### WHAT IS EXPECTED:
Copy out each line of the material exactly. Pictures do not belong in the copy.

### DATA SEGMENT:
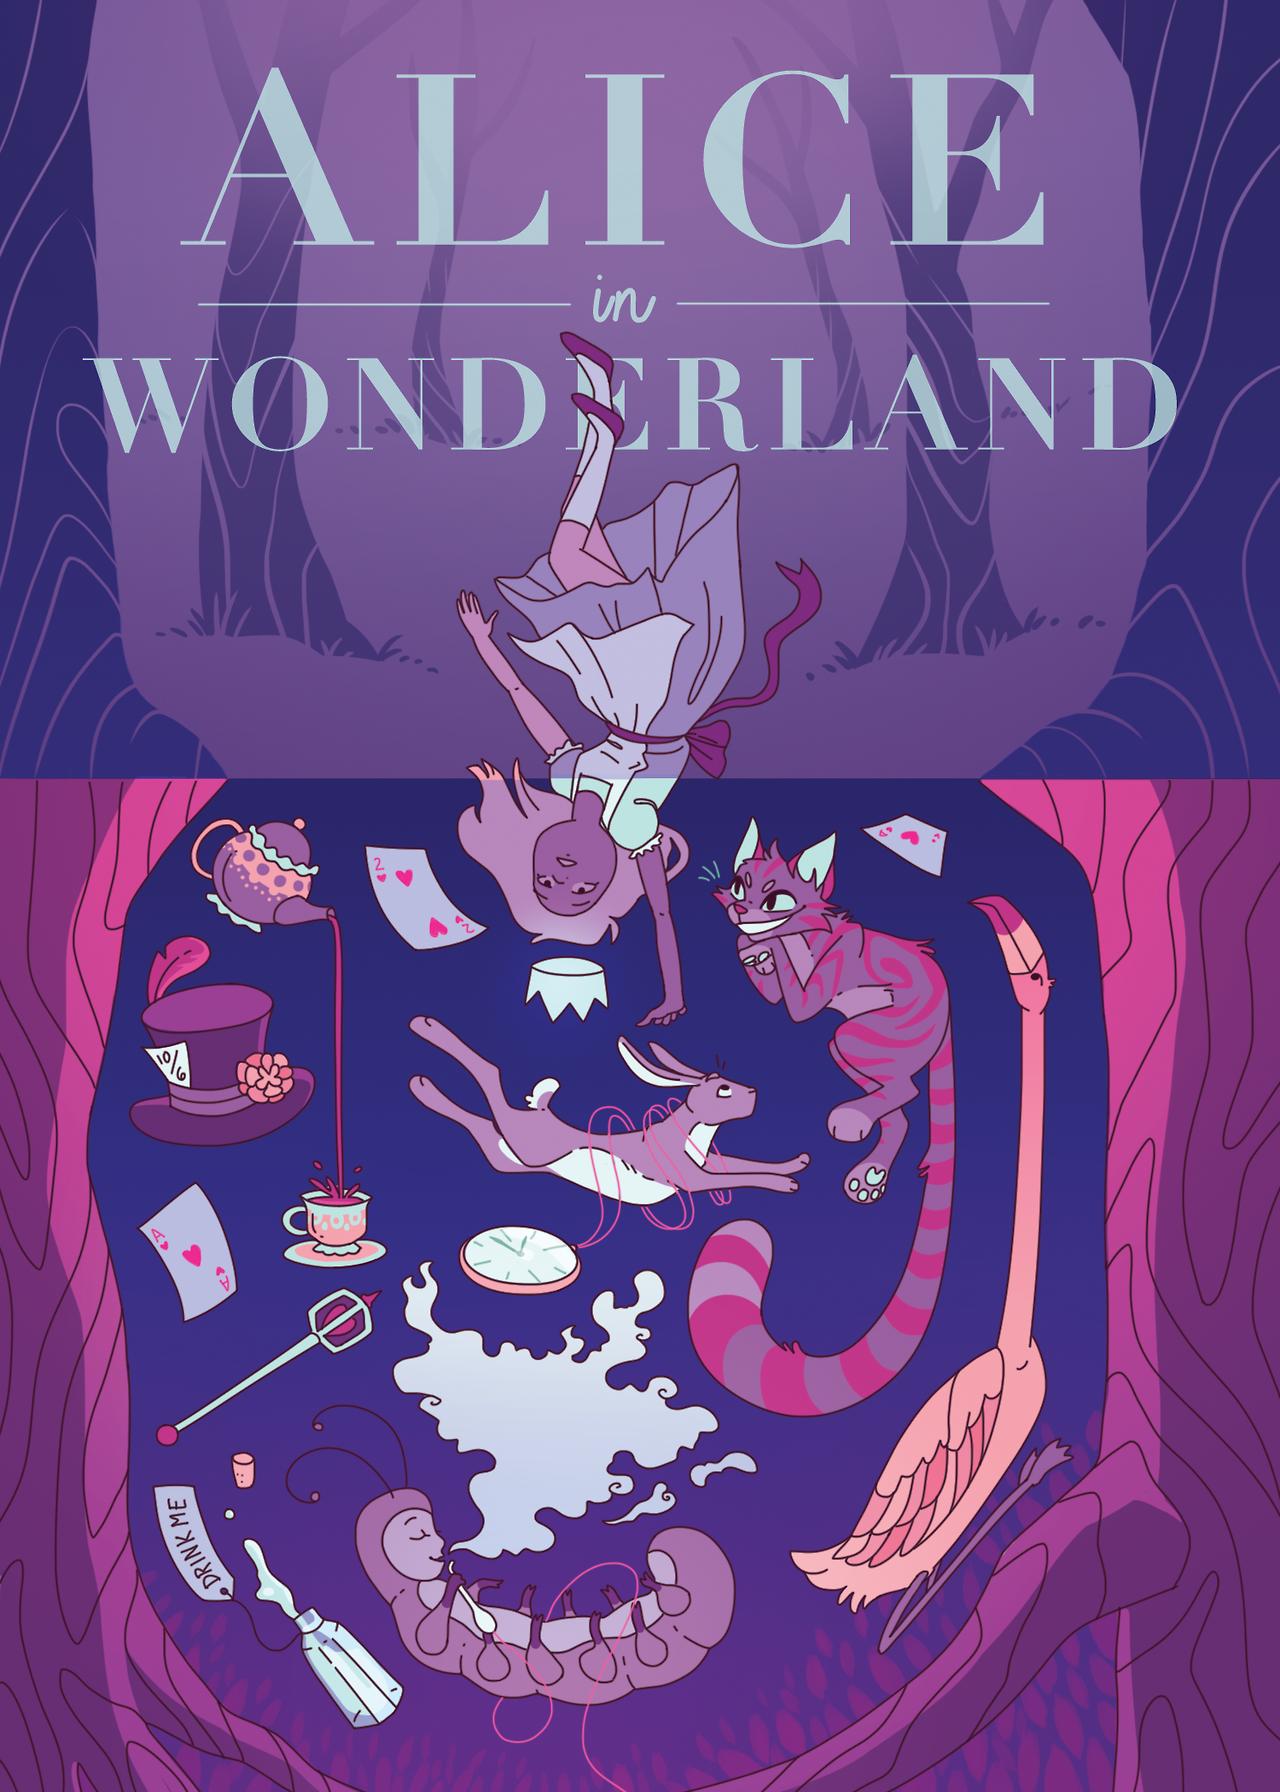 alice in wonderland Tumblr Alice in wonderland, Alice
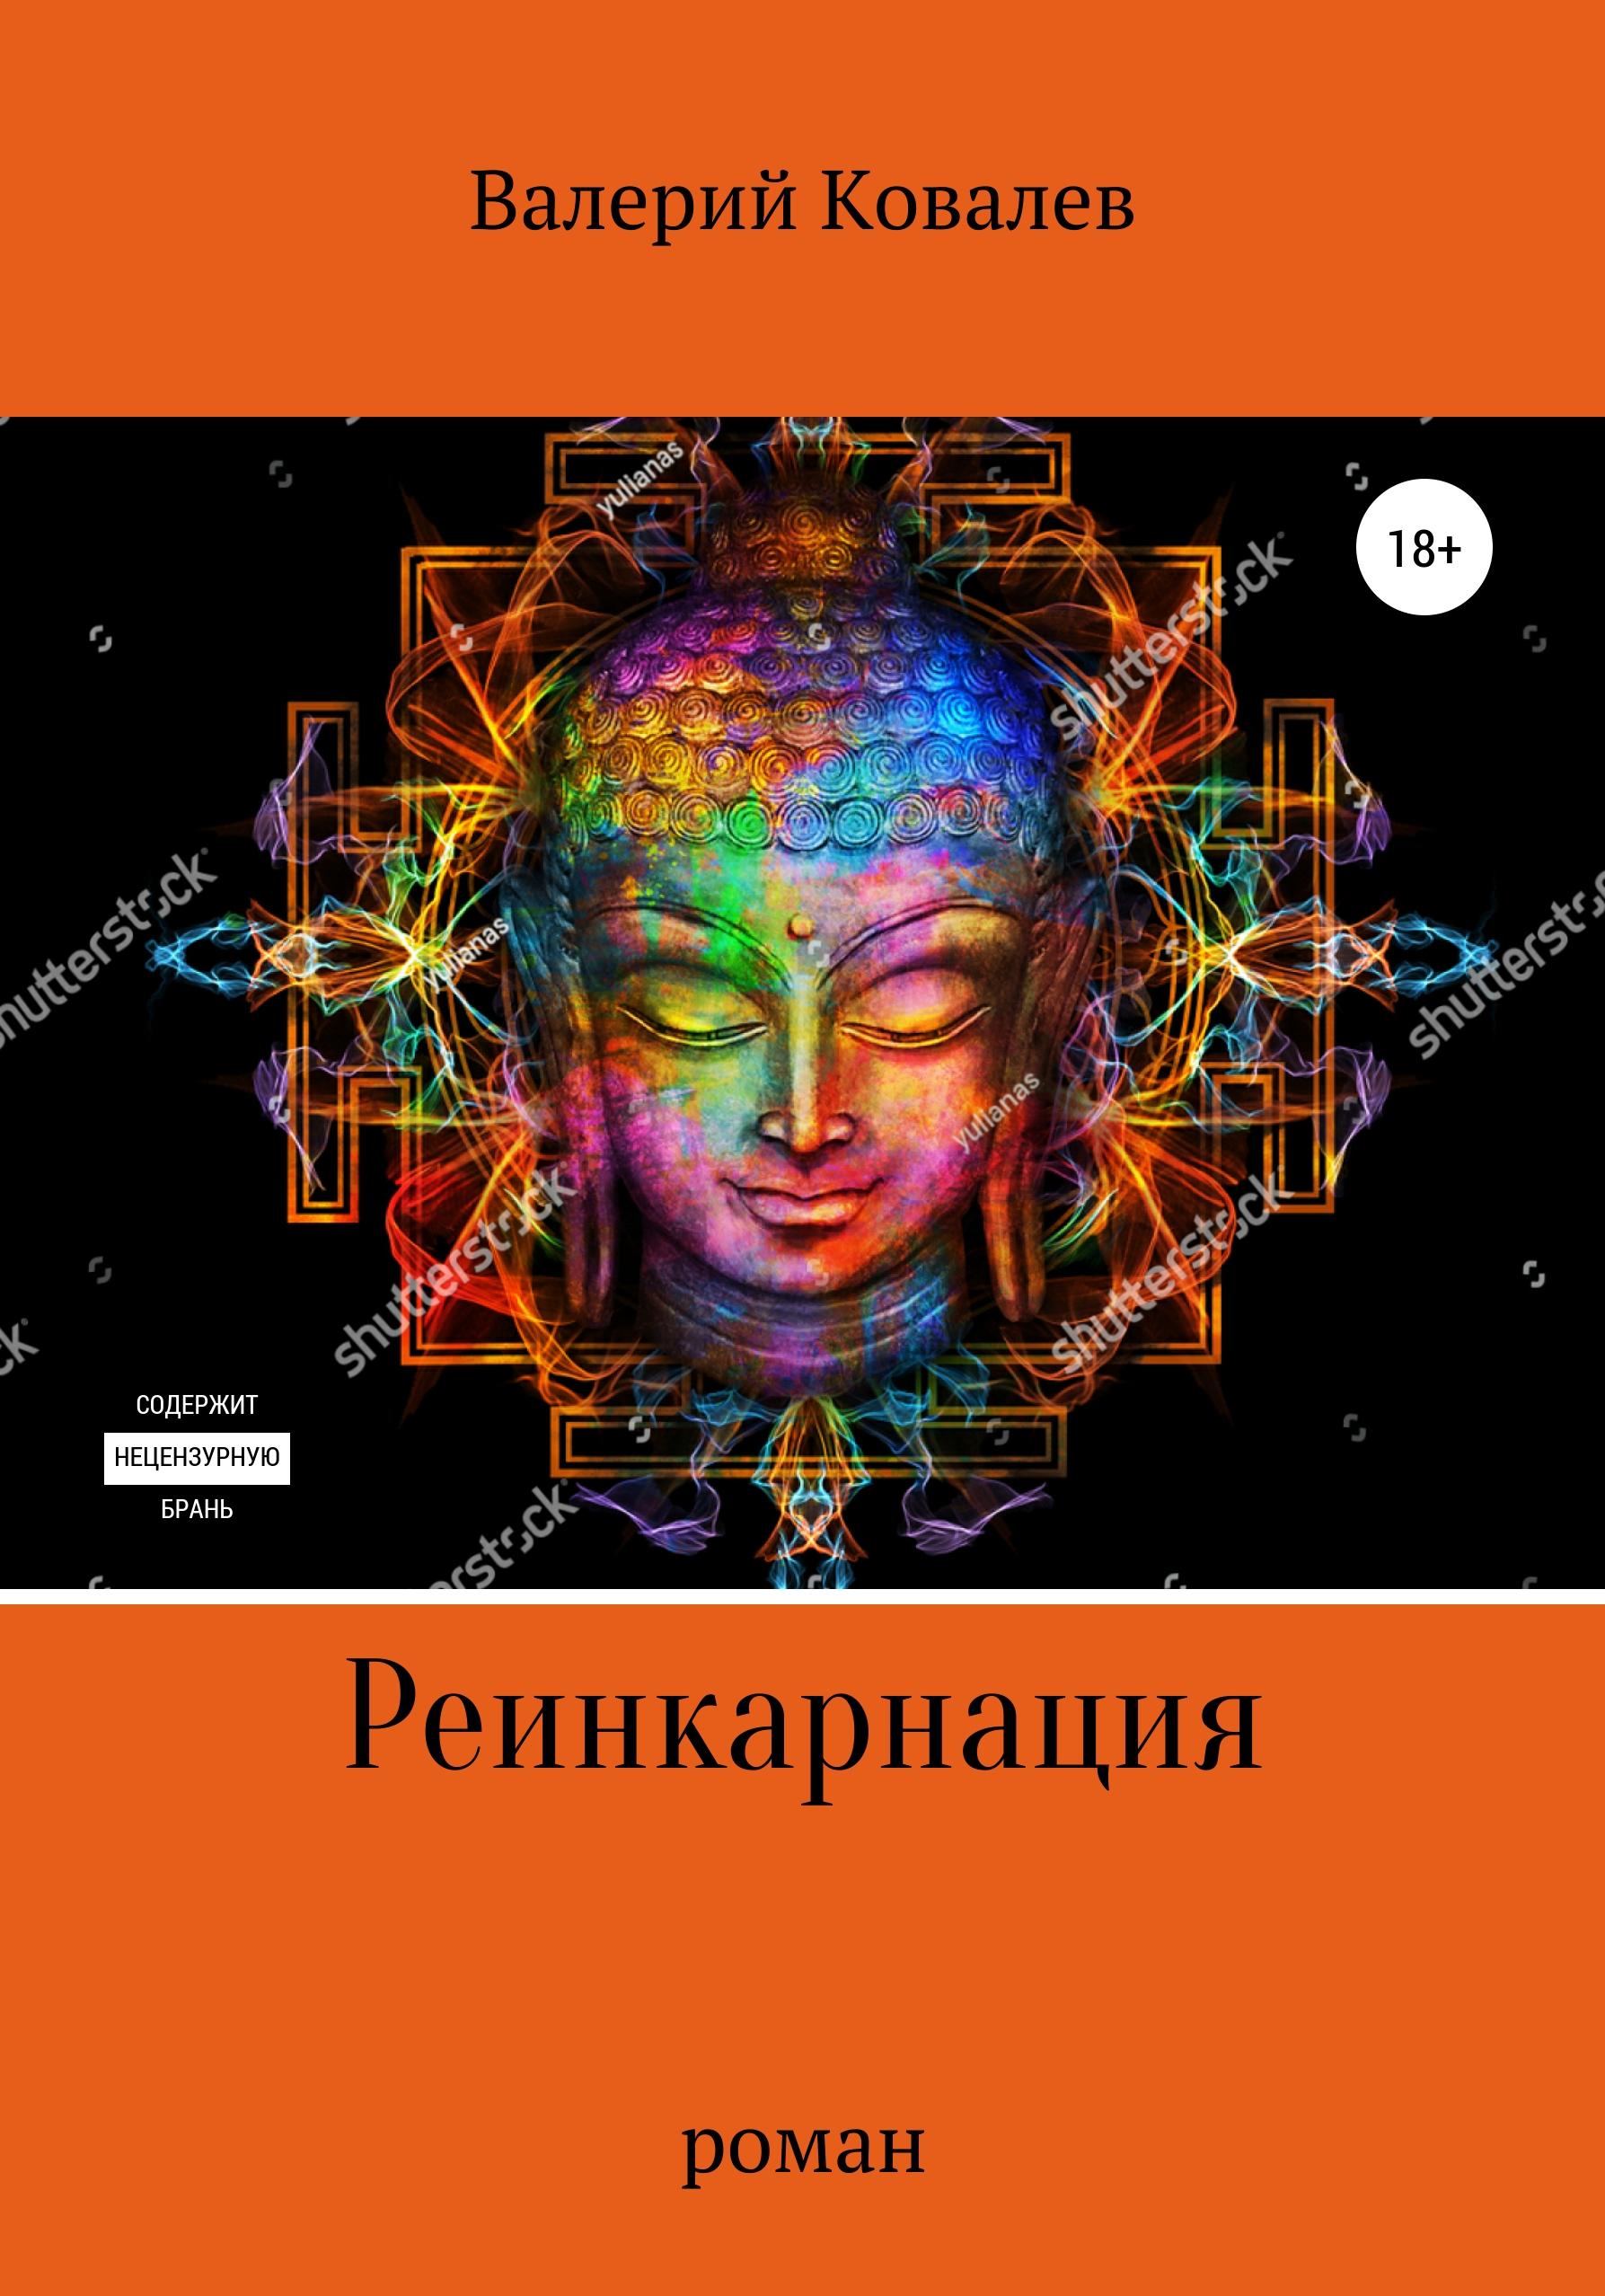 Купить книгу Реинкарнация. Роман, автора Валерия Николаевича Ковалева
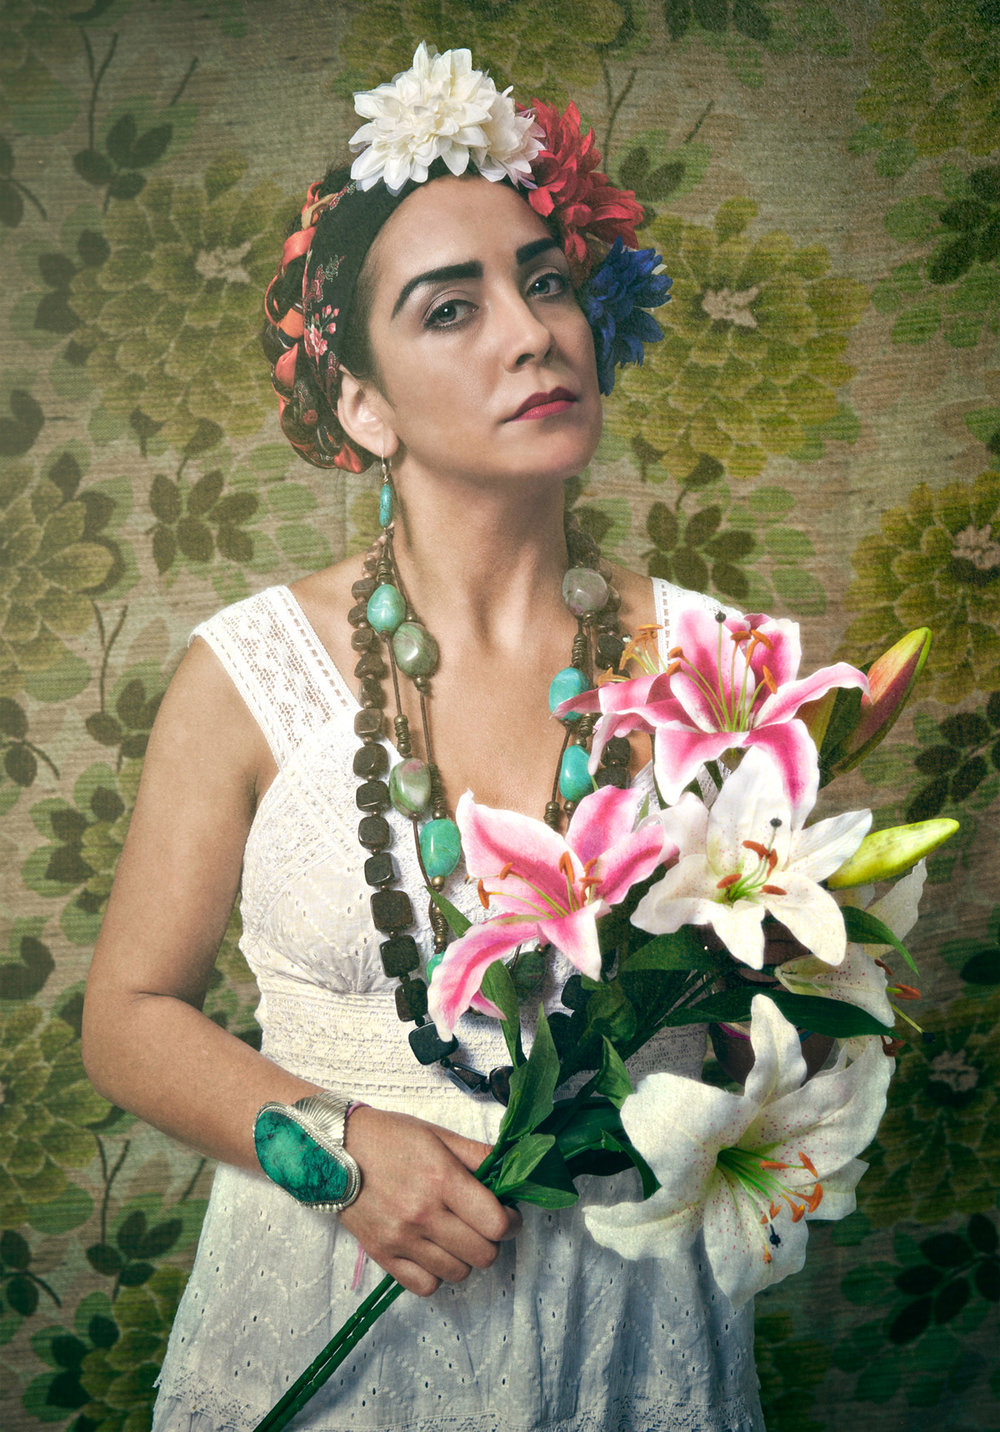 Make-Up, Hair & Styling: Fabrizia Conti -  www.fabriziaconti.blogspot.com   Model: Jennifer M.

### WRITTEN ANSWER:
 alice in wonderland Tumblr Alice in wonderland, Alice
 Купить книгу Реинкарнация. Роман, автора Валерия Николаевича Ковалева
 Make-Up, Hair & Styling: Fabrizia Conti -  www.fabriziaconti.blogspot.com   Model: Jennifer M.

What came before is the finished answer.